My niece, a senior in high school, is patiently waiting for my Christmas gift:  wallet size pix taken of her at Myrtle Beach.

I've chosen four of the eighty-some shots...unfortunately I'm a perfectionist and won't sign-off on a project unless I've done the best I can do.  I need your guidance.
MY DILEMNA:
*  What's the precise dimension of a High School Senior's wallet-size? 
*  What type of photo paper do professionals use? (Gloss, Semi-gloss, Satin; 9, 10, 22 or _64_ ml?)
*  How many pixels?
*  Corners: pointed, rounded, clipped?​I use a Kodak DX6490-4 MP, uploaded into iPhoto on a PowerBook G4 (OS X 10.3.3) and I print on an Epson Photo Stylus R800.

Any suggestions?    

Sheree


----------



## Digital Matt (Jan 17, 2005)

You're in luck!  I work for a school photography company 

  The standard wallet size is 2.5" x 3.5".

 Make sure your image is 750 x 1050 @ 300 PPI. We use high quality matte finish paper, with pointed corners.
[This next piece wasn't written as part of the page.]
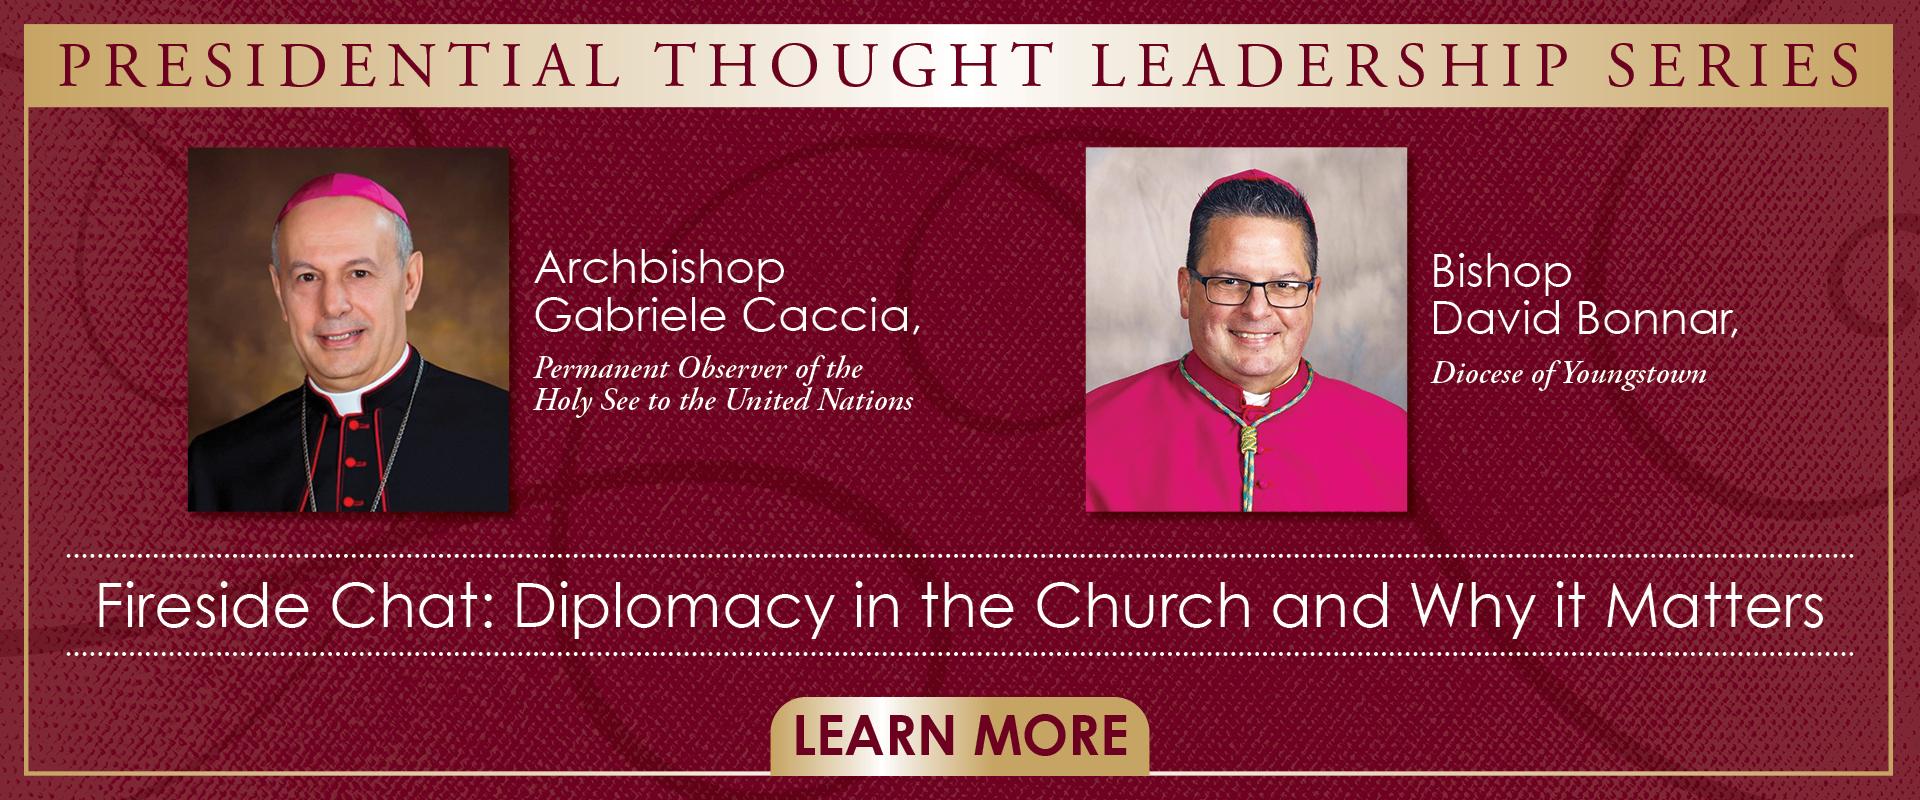 header for Presidential Thought Leadership Series, Fireside Chat: Diplomacy in the Church and Why It Matters featuring Archbishop Gabriele Caccia and Bishop David Bonnar; click to learn more

The lab we use for Senior portraits does die cutting, so the print is perforated and pops out, no need to cut. That's not imporant for you though. Does your printer use 8.5" x 11" paper? Do you have photoshop? If so, resize your photos as I stated, and keep them open, then open a new 8.5x11 300 ppi document. Paste your shots into this document and arrange them so they fit. You can squeeze 8 wallets to a page. Each one will be rotated 90 degrees counter clockwise, and you will have 4 rows, 2 columns. Align them to your left margin. This will be 7" x 10" of the page. That leaves you with only 1.5" x 1" to cut off of two sides. If you have a cutter, that's two quick cuts, and you can give the sheet to her, and let her cut them out individually. That's how we do it.

 Make sense?


----------



## Alison (Jan 17, 2005)

I do pretty much the same as Digital Matt.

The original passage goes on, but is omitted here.